What this task involves
Where the data below contains pictures, omit them; output the rest word for word.

Information shown
"""
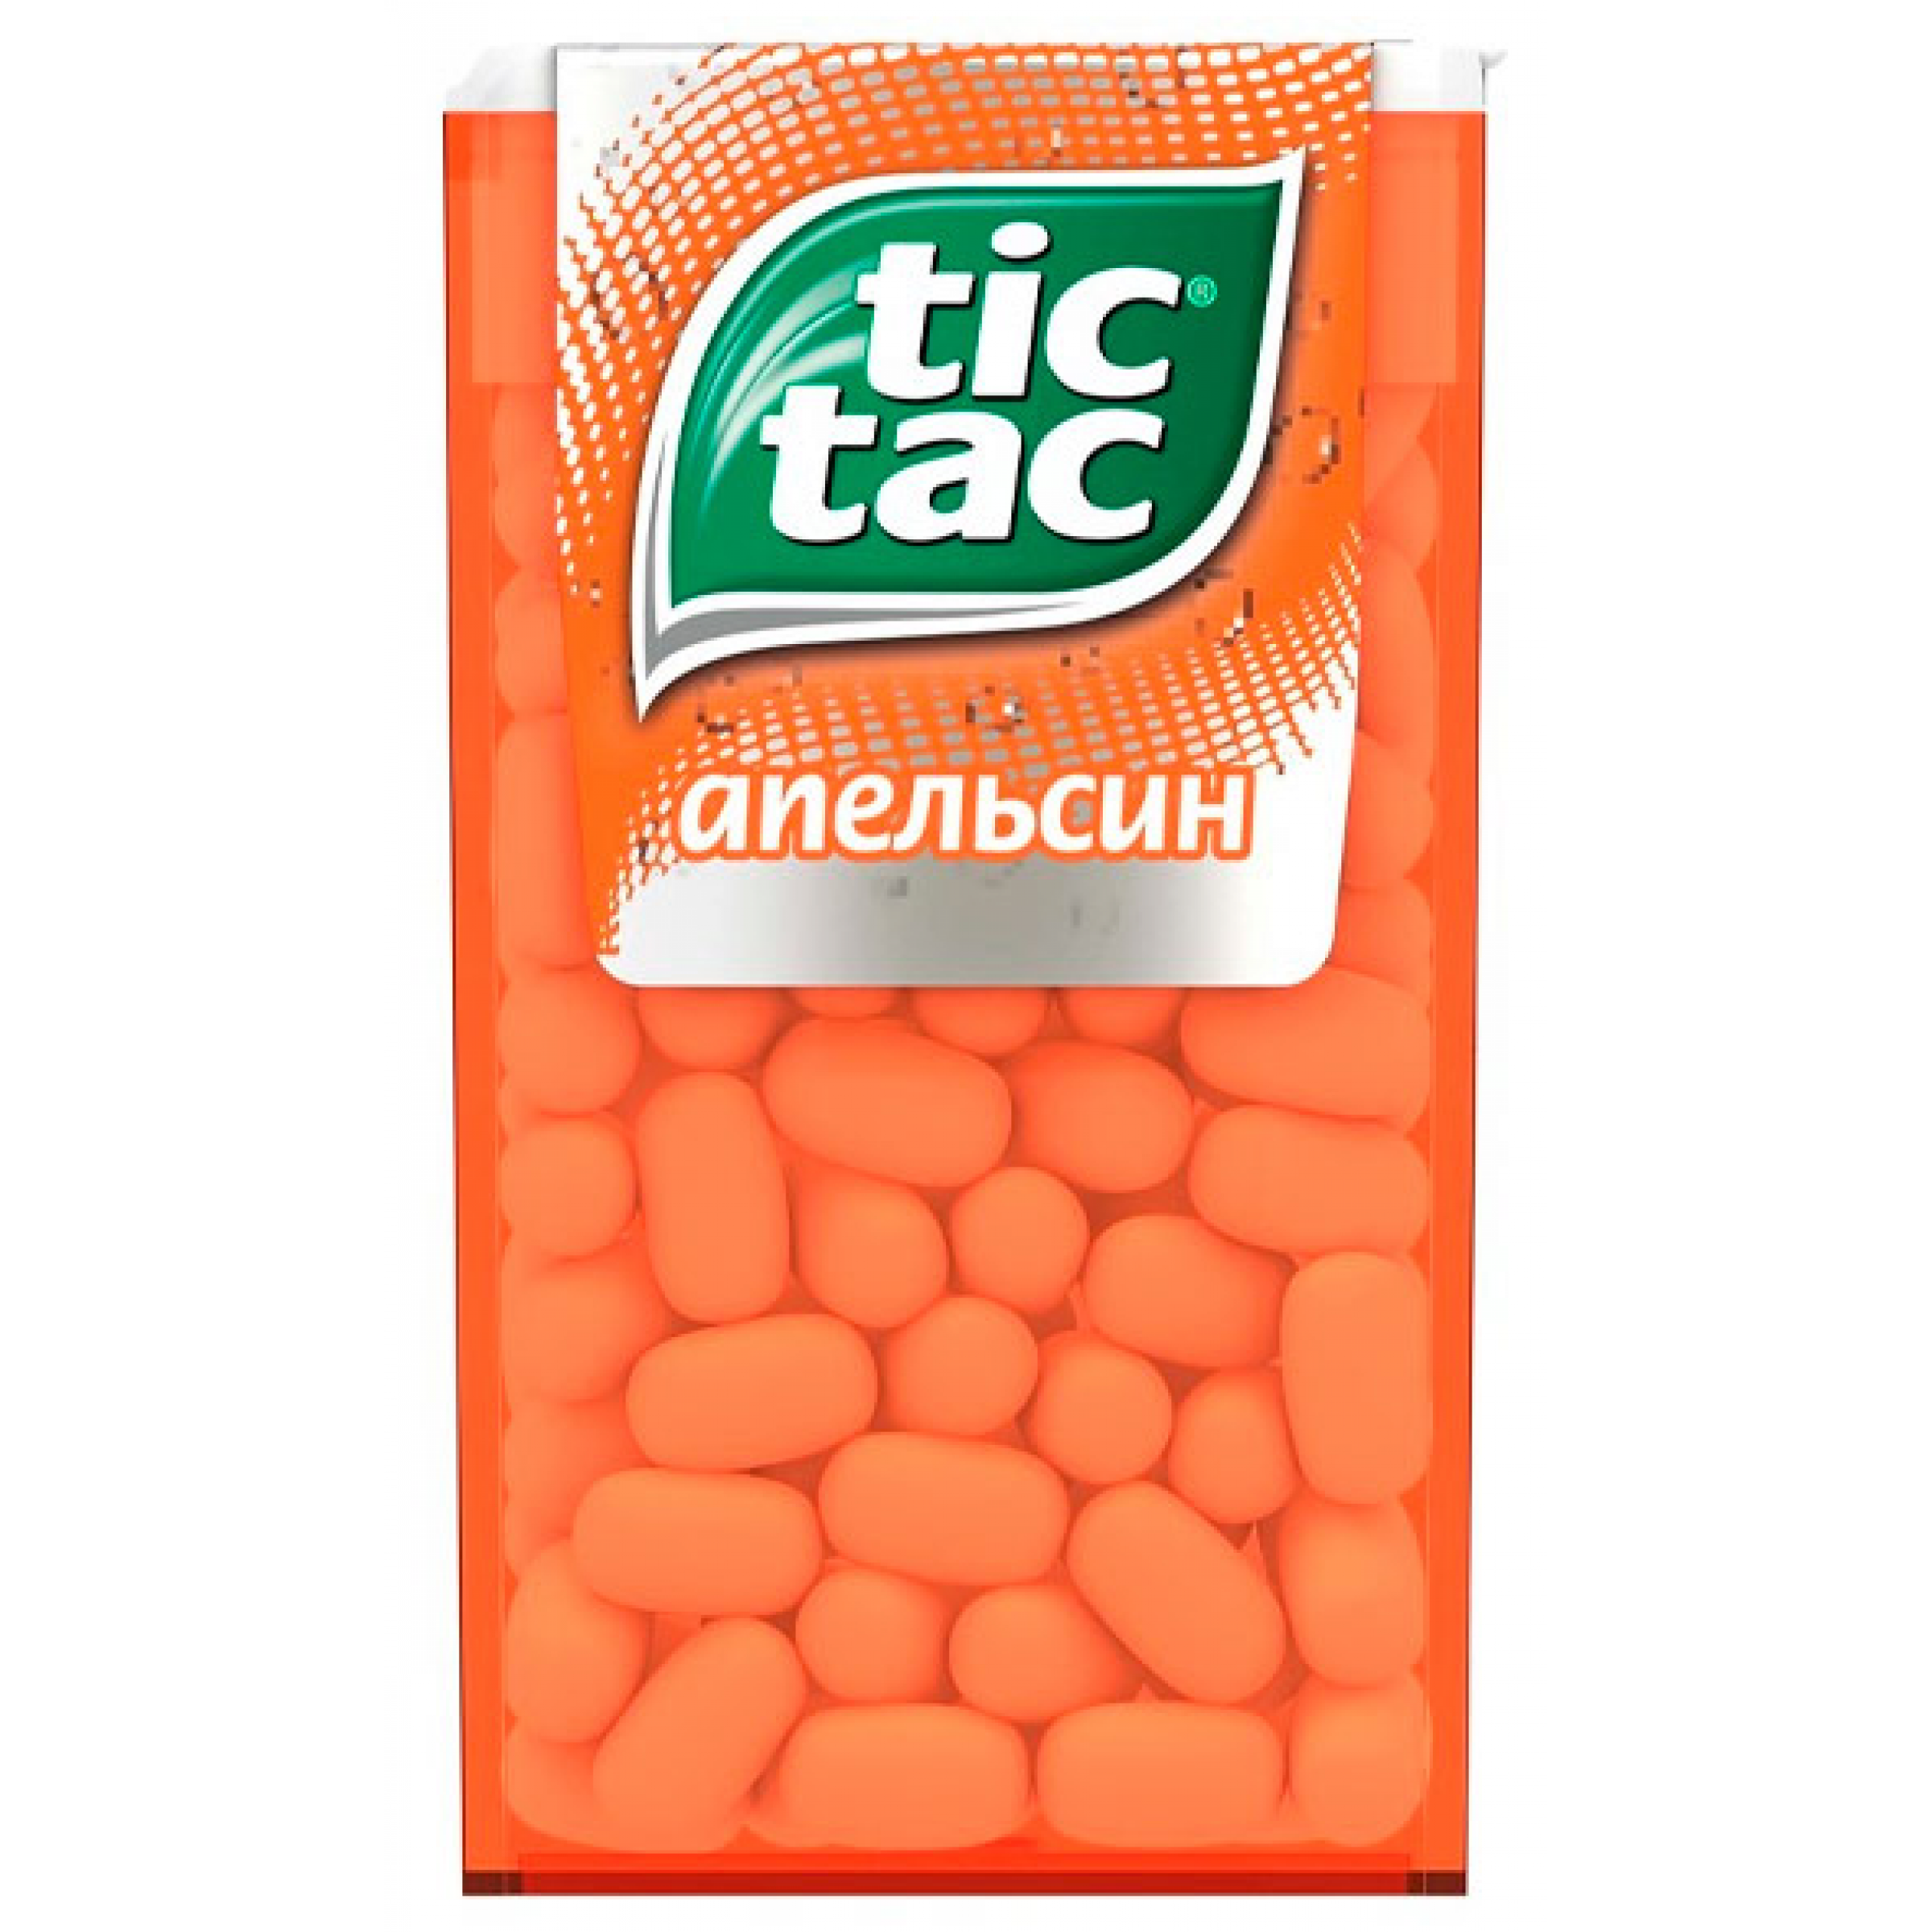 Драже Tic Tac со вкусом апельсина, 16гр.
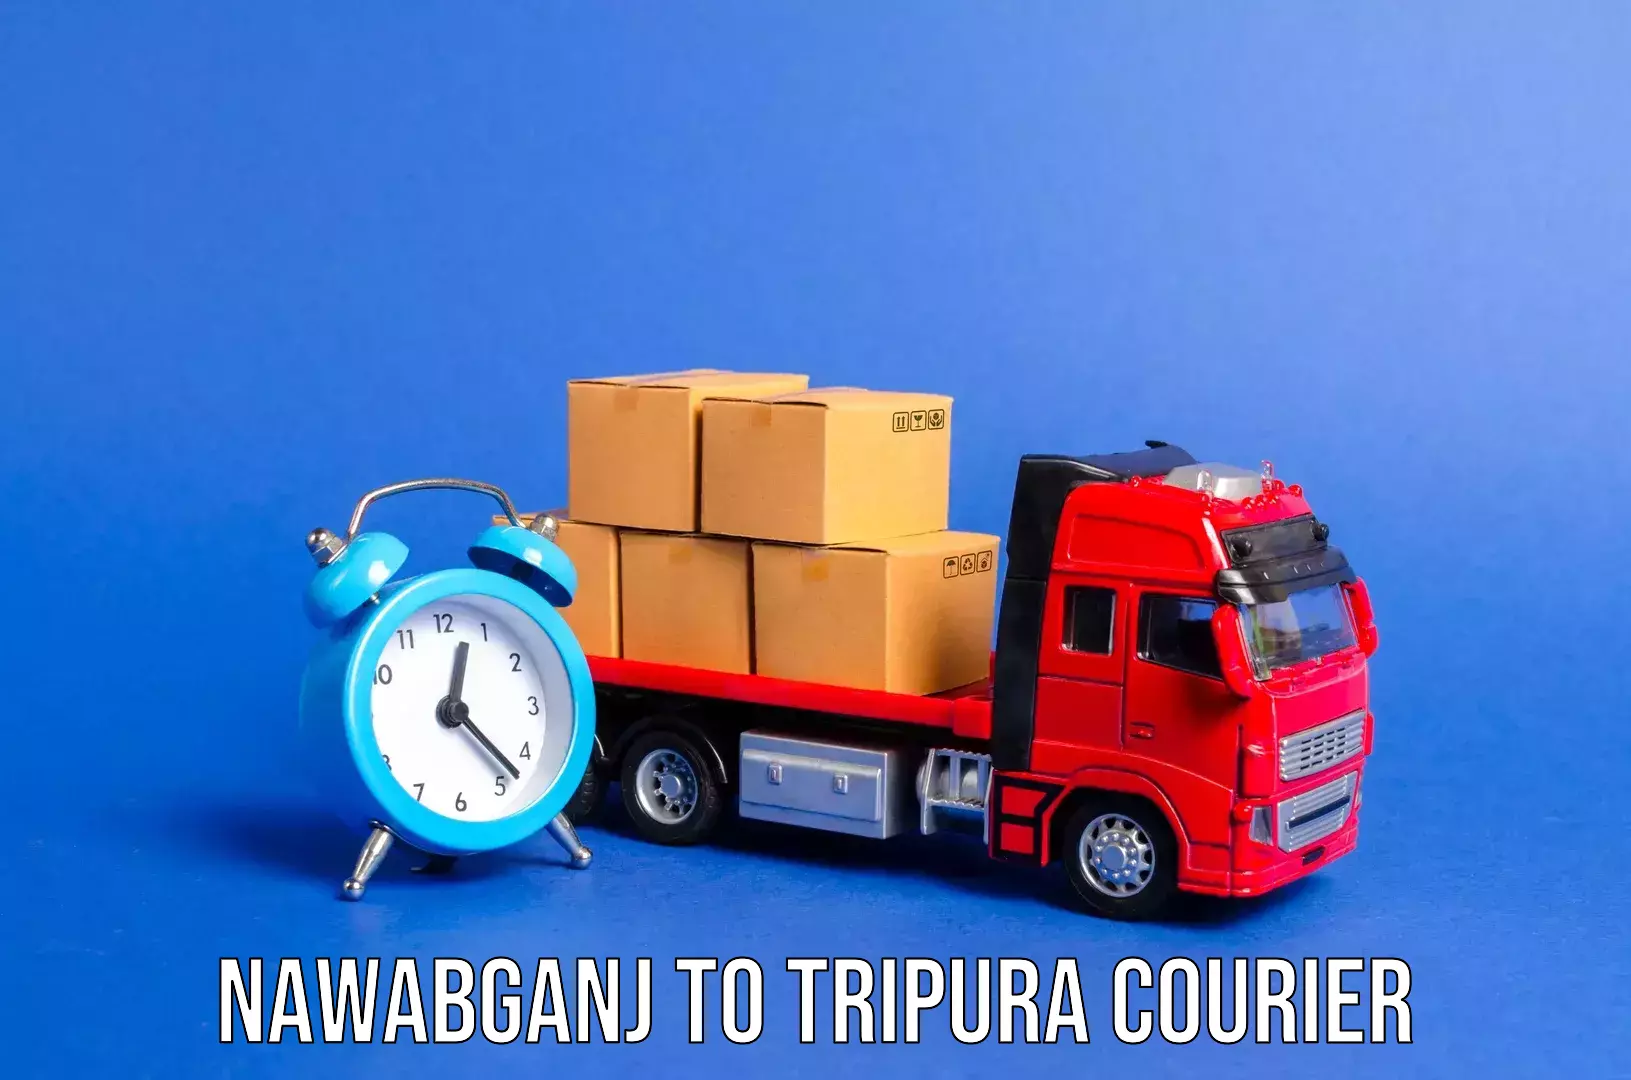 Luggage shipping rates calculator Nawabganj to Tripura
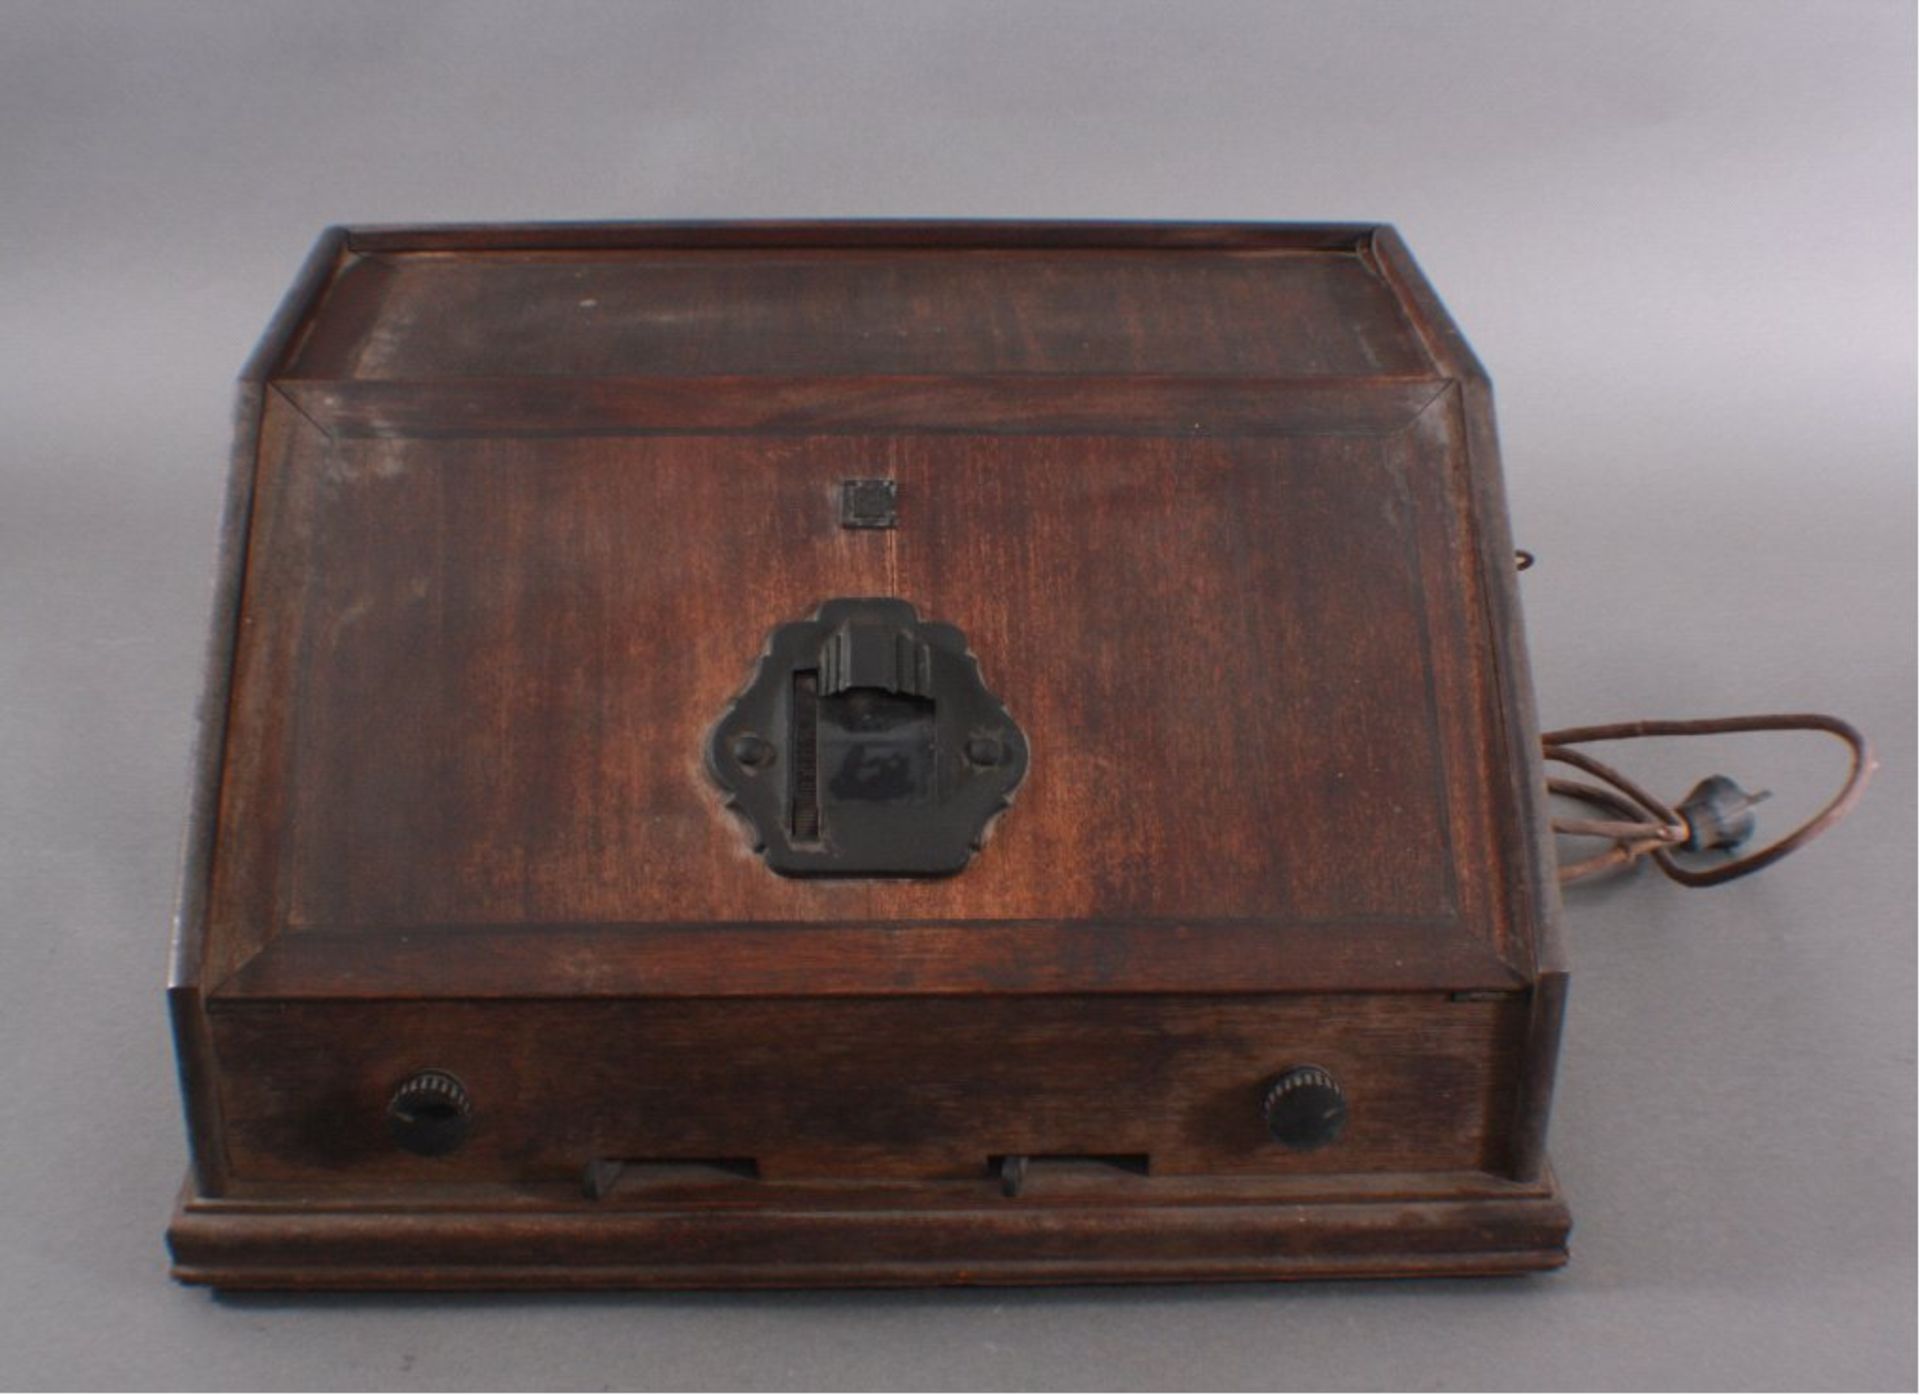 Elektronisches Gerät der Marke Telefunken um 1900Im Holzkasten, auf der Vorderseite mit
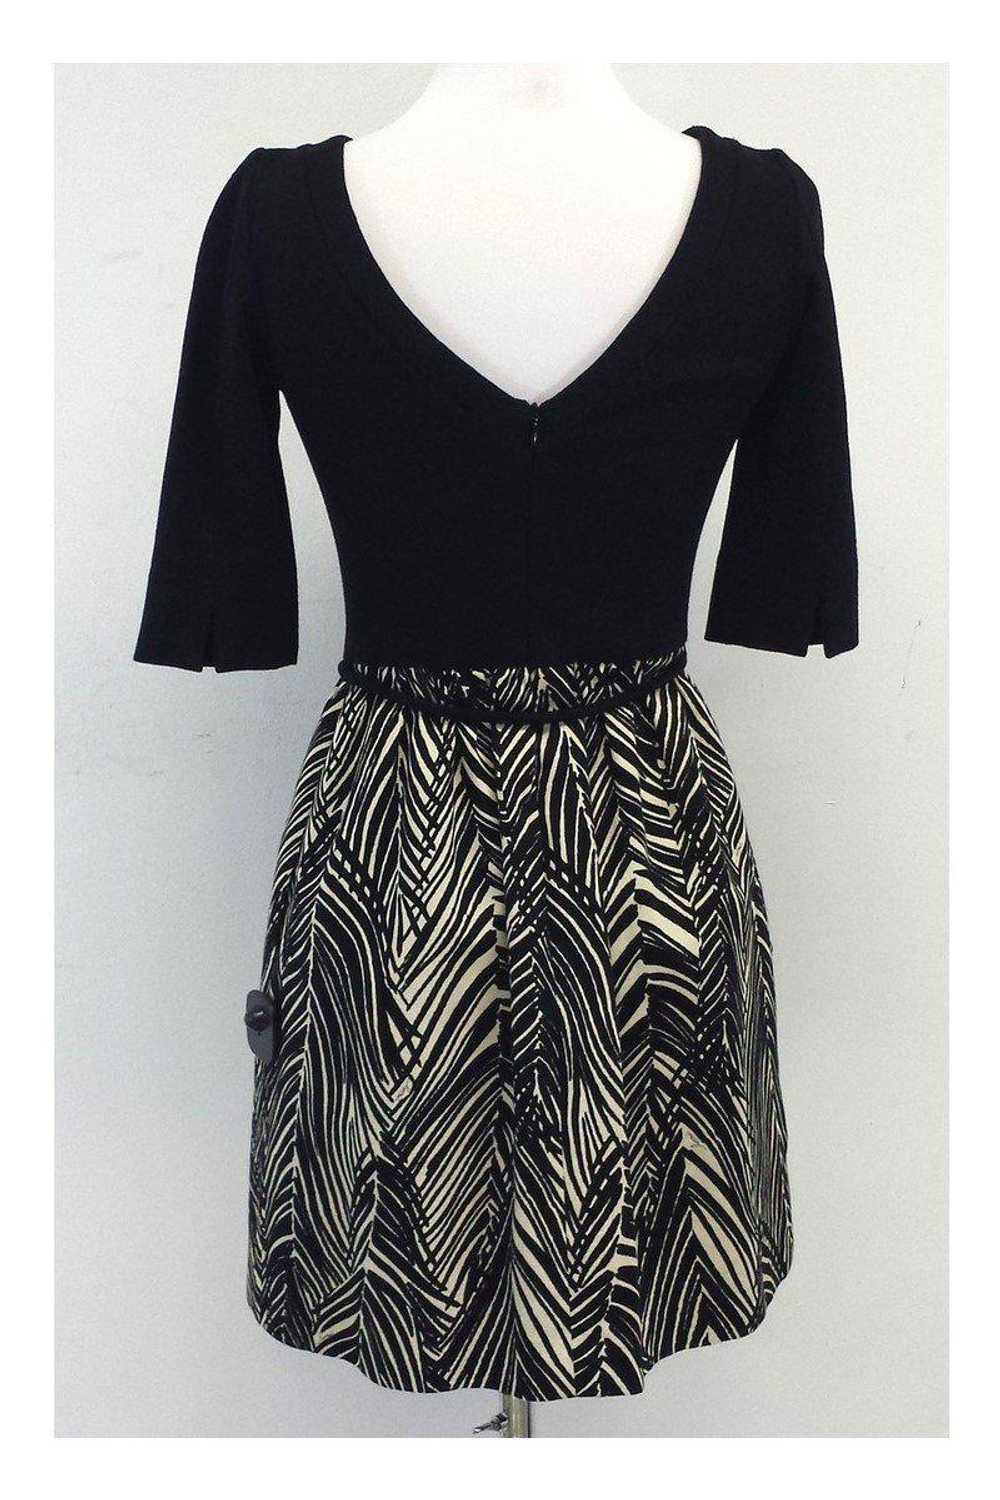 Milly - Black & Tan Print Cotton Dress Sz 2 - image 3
"""
Result
 Драже Tic Tac со вкусом апельсина, 16гр.
 Luggage shipping rates calculator Nawabganj to Tripura
 Elektronisches Gerät der Marke Telefunken um 1900Im Holzkasten, auf der Vorderseite mit
 Milly - Black & Tan Print Cotton Dress Sz 2 - image 3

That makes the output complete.